I read most (if not all) posts of the forum regarding the DEM generation from S1 using SNAP and I set up the following steps:
- S1 TOPS coregistration with ESD
- Interfrogram formation (with two images)
- S1 TOPS Deburst
- Goldstein Phase filtering
- export–> unwrapp–> import Snaphu![DEM.PNG|690x407]
- Phase to elevation
- Range Doppler train correction
- Export to Geotiff
I am using a baseline tool for searching data with high prependicular baseline (for example 133), and small temporal difference (for example 6 days). I also considered high coherency while choosing data (more than 0.8).
I am using Linux server, so I exported the image as a one tile and processed it using Snaphu.
Moreover, I use ArcticDEM as an external DEM (SRTM doesn’t cover Iceland). I resampled the external DEM from 2x2 m to 15x15 m spatial resolution, and it is in WGS1984 projection.
The result, however, doesn’t match my reference DEM when compared by pixel. My generated DEM shows overestimation (but also underestimation) in most of parts. The variation is not constant everywhere. I repeat these processes for several dates and data, but the problem of value variation is still there.
Is there any suggestion for me to overcome the problem of overestimation?
Thanks in advance
Example of generated DEM is also provided
You can check “Elevation” as an additional output of the RD Terrain Correction. Then you have a product with both the S1 DEM and the the ArcticDEM used for ortho-correction.
You can then create a scatter plot of both products to see how well the rasters match for each elevation range. This maybe helps you to build a regression to compensate for a systematic offset.
Generally, you shouldn’t trust minimum/maximum values in the predicted elevations, because they are often the ones caused by unwrapping erros in areas of low coherence.
Thanks for your quick reply and suggestion. I did as you suggested. Please see the screenshot for the result of scatter plot. The x-axis represent the generated DEM, and the Y-axis is the Arctic DEM. Does this scatter plot make sense to you? I would highly appreciate your opinion.
Most values lay along a straight line, that’s good.
The inaccurate points mostly result from decorrelation of the phase.
If you want to correct for an offset, take point pairs along the yellow line (e.g. with the pin manager) and import them in MS Excel. You can then create a scatter plot and extract the regression line and its equation which lets you adjust the InSAR (x) dem to the arctic dem values (y).
many thanks for your tips and helps. I will do the regression analysis as you suggested.
A tutorial on DEM generation with Sentinel-1 IW data is currently under development.
that is a good news, looking forward to it.
thanks for your comment. Yes, I am familiar with the DEM generation steps presented with asf.alaska.edu. I developed my steps using their tutorial at first, and then developed it using the comments and recommendations provided in the “step forum”.
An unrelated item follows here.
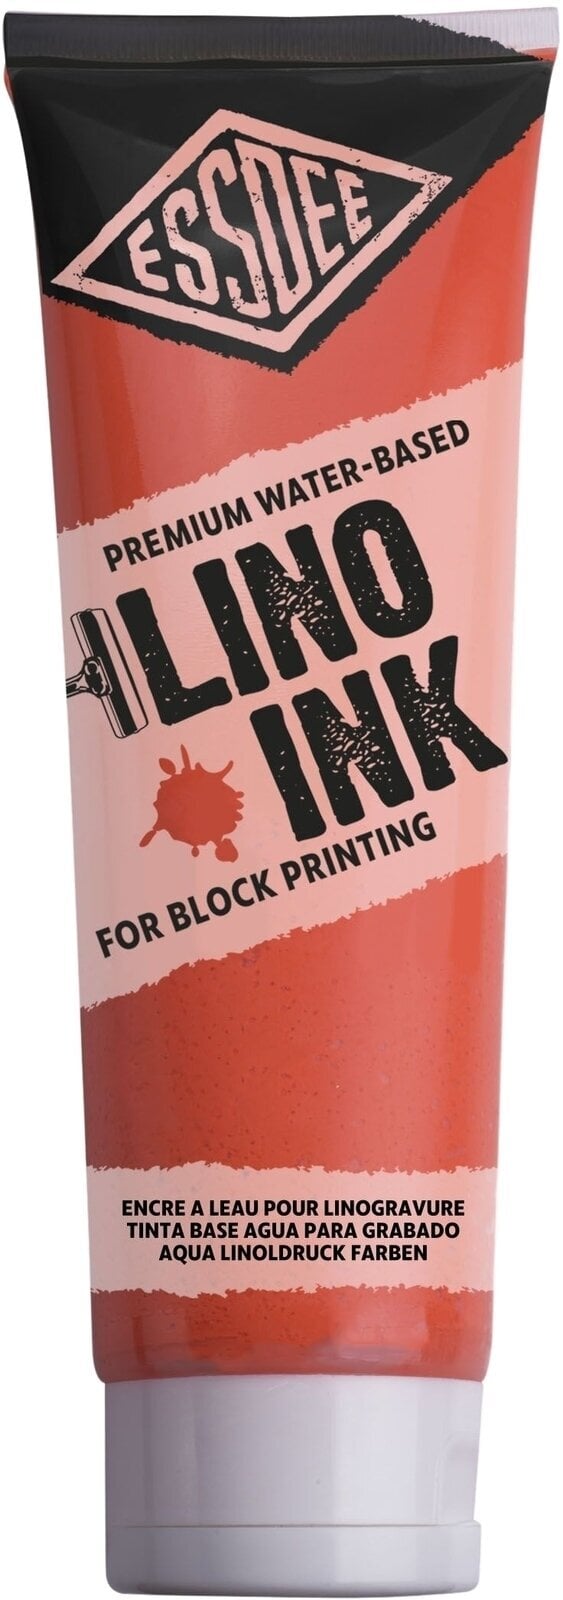 Paint For Linocut Essdee Block Printing Ink Paint For Linocut Fluorescent Orange 300 ml

I think my steps are fine, however, I am testing changing parameters (such as goldstein filtering parameters, multilooking parameters), or using more than two images as an input to create interferogram.
So far, I tested many differnet parameters, especially in filtering steps (Goldstein and Multilooking), but till now the results were not satistafctory, and I have still the variaitons in the generated DEM.
I am going to test the suggestion provided by @ABraun.
However, I am open to suggestions, comments, feedback from the community
Dear @ABraun, thanks a lot for the comprehensive tutorial. It will help a lot.
Hi, I was wondering if you could please help me to solve this problem.
1/ I have already generated the DEM, according to the tutorial.
Q: My question is: at which step of the tutorial do I have to stop, so that the DEM is useful in the DinSAR application as external DEM (interferogram formation)?
May I ask why you want an InSAR generated DEM as an external DEM?
The external DEM only removes the topographic fringes so that the actual displacement becomes more visible. You can easily any openly available DEM which are mostly more correct than most DInSAR DEMs.